工作线程如何在Node.js中工作? [英] How worker threads works in Nodejs?

问题描述

Node.js不能具有Java和.net之类的内置线程API 做.如果添加线程，则语言本身的性质将 改变.无法将线程添加为一组新的可用线程 类或函数.

Nodejs can not have a built-in thread API like java and .net do. If threads are added, the nature of the language itself will change. It’s not possible to add threads as a new set of available classes or functions.

Nodejs 10.x作为实验添加了工作线程，现在从12.x开始稳定.我浏览了一些博客，但由于缺乏知识，所以了解得不多.它们与线程有何不同?

Nodejs 10.x added worker threads as an experiment and now stable since 12.x. I have gone through the few blogs but did not understand much maybe due to lack of knowledge. How are they different than the threads.

推荐答案

Javascript中的工作线程在某种程度上类似于浏览器中的WebWorkers.它们不与主线程或彼此共享对任何变量的直接访问，并且它们与主线程通信的唯一方法是通过消息传递.此消息传递是通过事件循环同步的.这避免了多个线程试图访问相同变量的所有经典竞争条件，因为两个单独的线程无法访问node.js中的相同变量.每个线程都有其自己的变量集，影响另一个线程变量的唯一方法是向其发送消息并要求其修改自己的变量.由于该消息是通过该线程的事件队列同步的，因此在访问变量时没有经典竞争条件的风险.
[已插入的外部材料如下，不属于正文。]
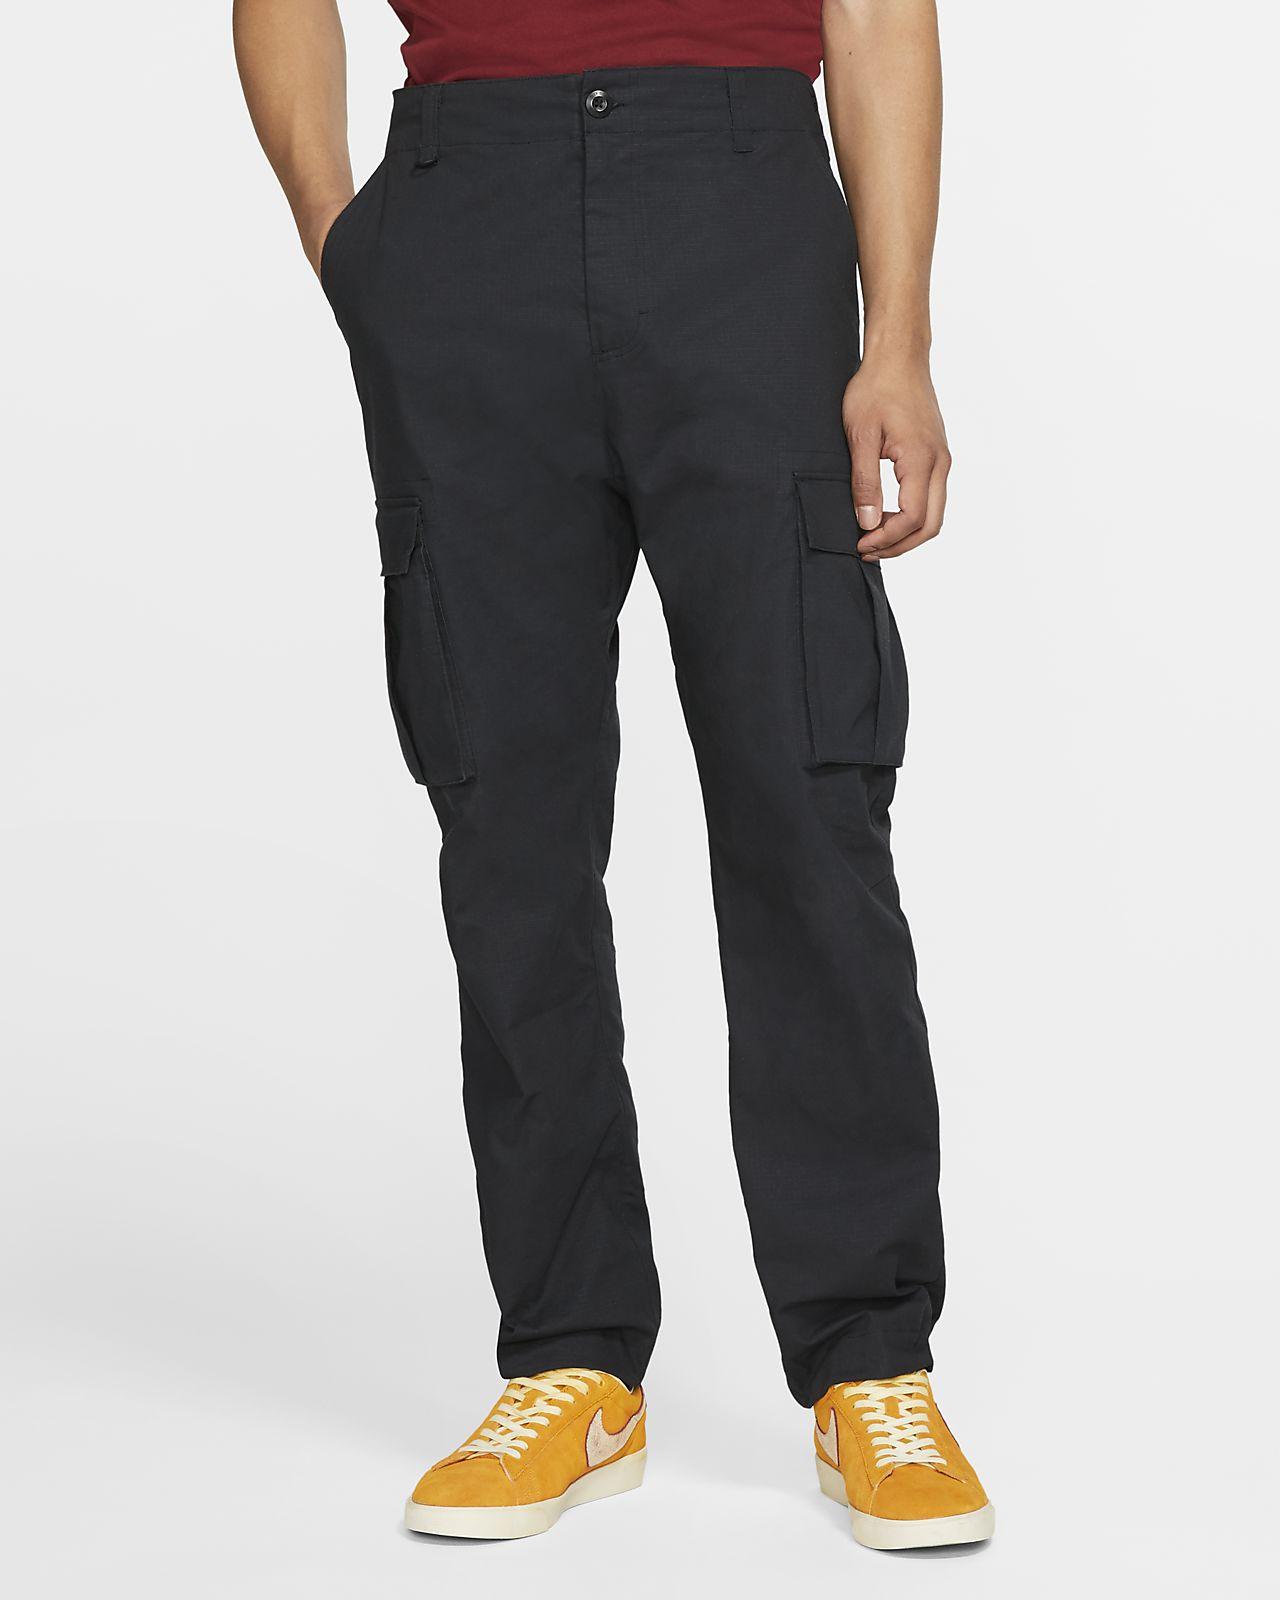 Pantalones de skateboarding Nike SB Flex FTM

Worker threads in Javascript are somewhat analogous to WebWorkers in the browser. They do not share direct access to any variables with the main thread or with each other and the only way they communicate with the main thread is via messaging. This messaging is synchronized through the event loop. This avoids all the classic race conditions that multiple threads have trying to access the same variables because two separate threads can't access the same variables in node.js. Each thread has its own set of variables and the only way to influence another thread's variables is to send it a message and ask it to modify its own variables. Since that message is synchronized through that thread's event queue, there's no risk of classic race conditions in accessing variables.

Java线程类似于C ++或本机线程，因为它们共享对相同变量的访问，并且线程被自由分时，因此恰好在线程A中运行的functionA的中间，执行可能被中断，而functionB在threadB中运行可以运行.由于两者都可以自由访问相同的变量，因此除非您手动使用线程同步工具(例如互斥体)来协调和保护对共享变量的所有访问，否则就有各种竞争条件的可能.这类编程通常是很难找到的来源，并且几乎不可能可靠地重现并发错误.尽管功能强大且对某些系统级的事情或更多实时的代码有用，但对于非常资深且经验丰富的开发人员而言，任何人都很容易犯下代价高昂的并发错误.而且，很难设计出一种测试来告诉您在所有负载类型下它是否真的稳定.

Java threads, on the other hand, are similar to C++ or native threads in that they share access to the same variables and the threads are freely timesliced so right in the middle of functionA running in threadA, execution could be interrupted and functionB running in threadB could run. Since both can freely access the same variables, there are all sorts of race conditions possible unless one manually uses thread synchronization tools (such as mutexes) to coordinate and protect all access to shared variables. This type of programming is often the source of very hard to find and next-to-impossible to reliably reproduce concurrency bugs. While powerful and useful for some system-level things or more real-time-ish code, it's very easy for anyone but a very senior and experienced developer to make costly concurrency mistakes. And, it's very hard to devise a test that will tell you if it's really stable under all types of load or not.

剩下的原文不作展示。